With COVID-19 infections now evident in 176 countries, the pandemic is the most significant threat to humanity since the second world war. Then, as now, confidence in international cooperation and institutions plumbed new lows.

While the onset of the second world war took many people by surprise, the outbreak of the coronavirus in December 2019 was a crisis foretold. Infectious disease specialists have been raising the alarm about the accelerated pace of outbreaks for decades. Dengue, Ebola, SARS, H1N1, and Zika are just the tip of the iceberg. Since 1980, more than 12,000 documented outbreaks have infected and killed tens of millions of people around the world, many of them the poorest of the poor. In 2018, the World Health Organisation (WHO) detected outbreaks of six of its eight “priority diseases” for the very first time.

No one can say we weren’t warned.

Even as we attend to the countless emergencies generated by COVID-19, we need to think deeply about why the international community was so unprepared for an outbreak that was so inevitable. This is hardly the first time we’ve faced global catastrophes.
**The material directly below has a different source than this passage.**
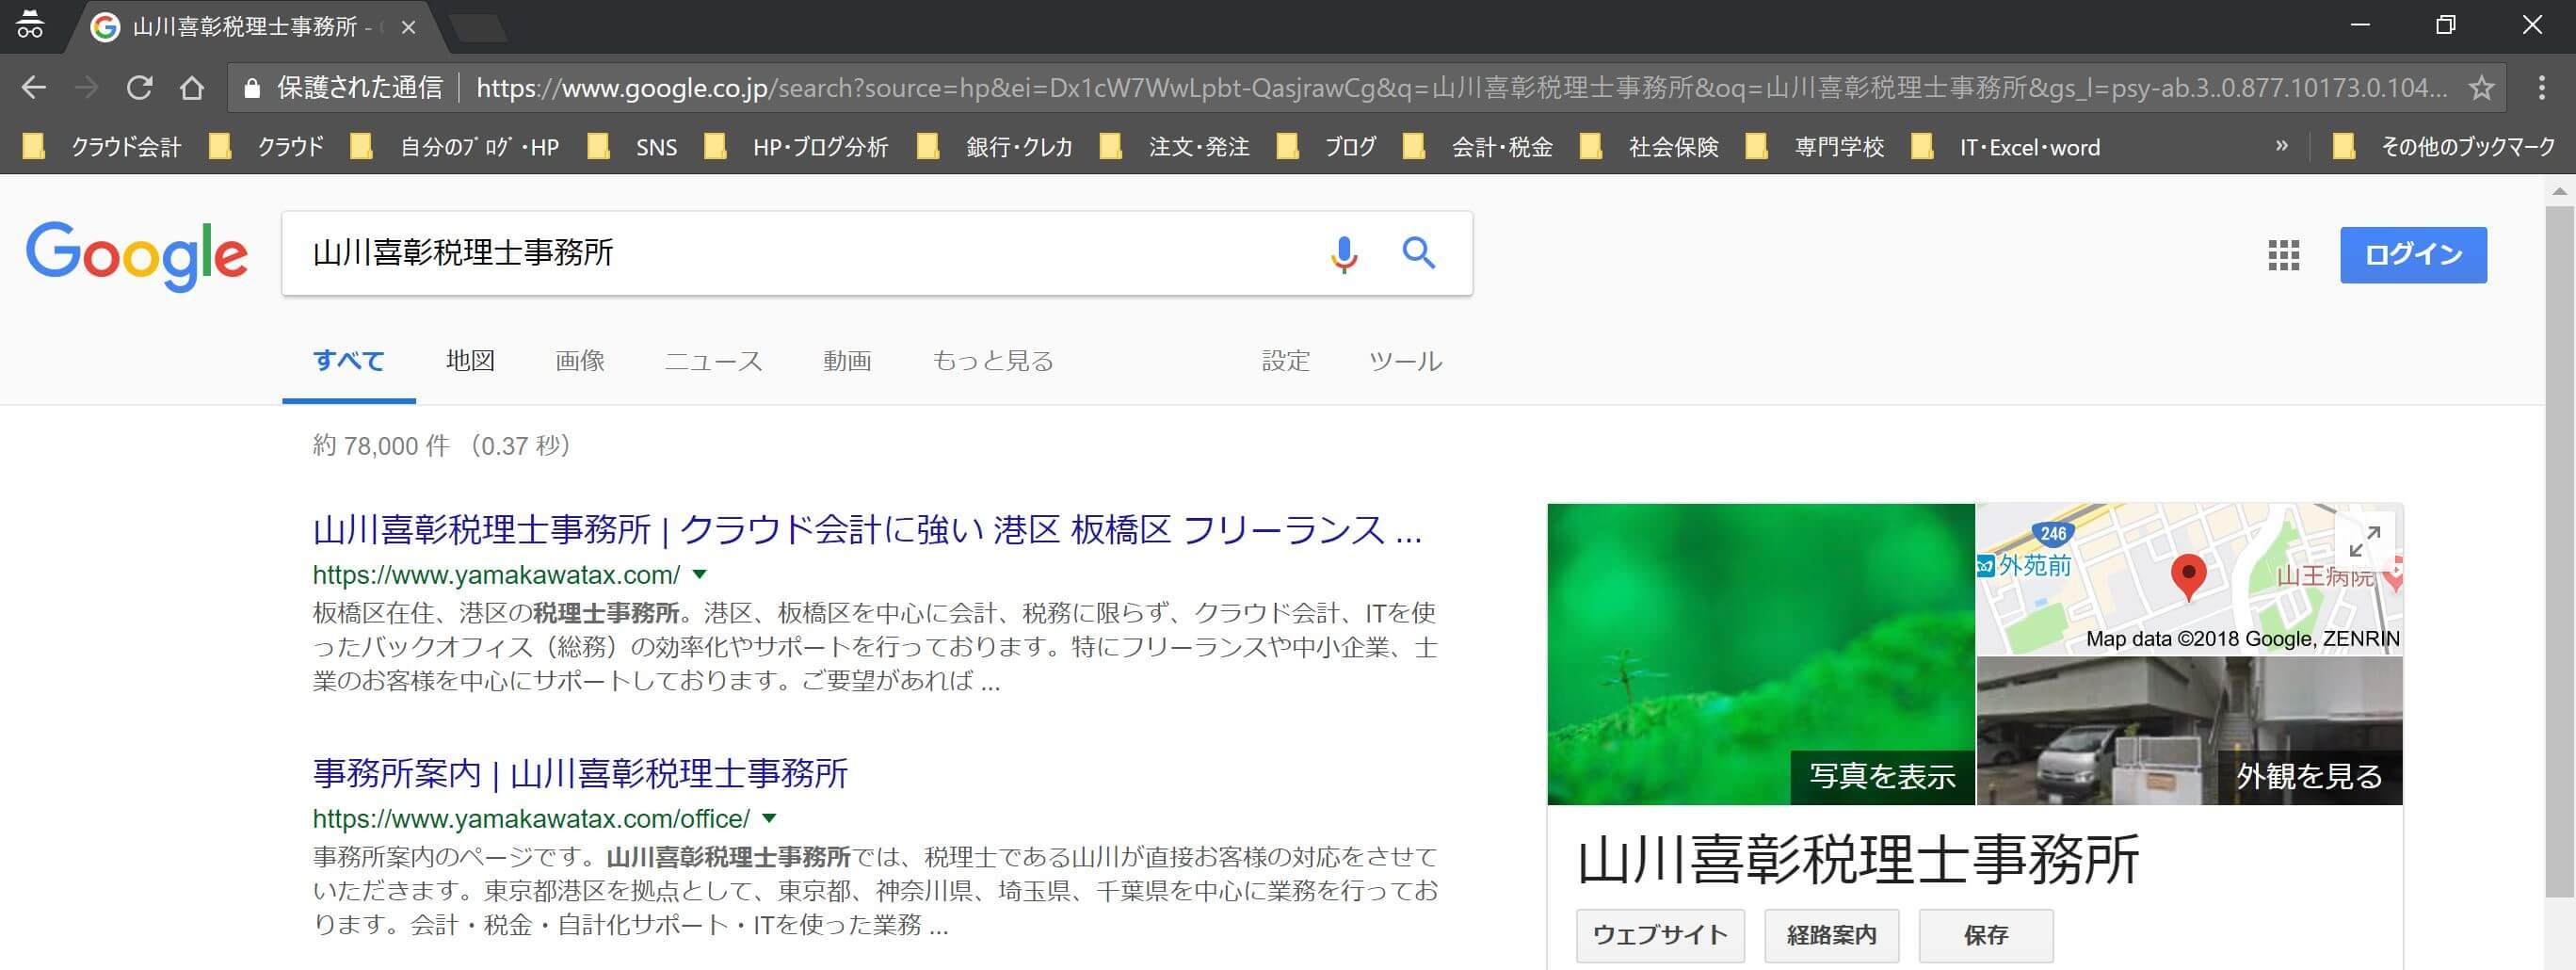 シークレットウィンドウ検索画面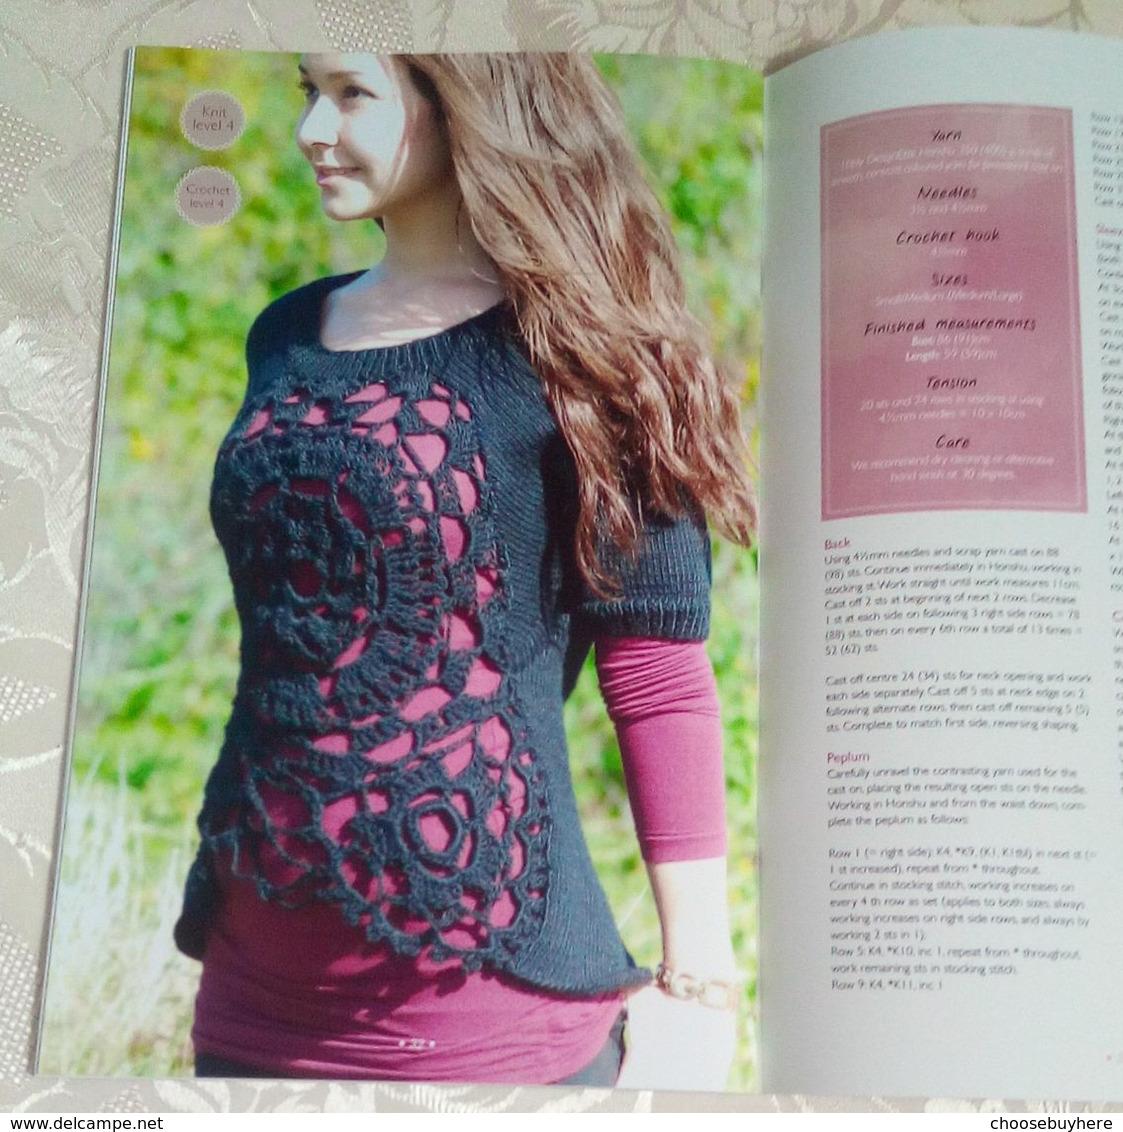 Designette Book Bog 1 Stricken Häkeln Hæklet Og Strikning Crochet And Knitting Anleitungen Patterns Vejledning - Wool

The second world war reflected the catastrophic failure of leaders to learn the lessons of the 1914-1918 war. The creation of the United Nations and Bretton Woods institutions in the late 1940s and early 1950s provided some grounds for optimism, but these were overshadowed by the Cold War. Moreover, the Reagan and Thatcher revolutions of the 1980s rolled back the capacity of governments to address inequality through taxation and redistribution and governments’ ability to deliver health and essential services.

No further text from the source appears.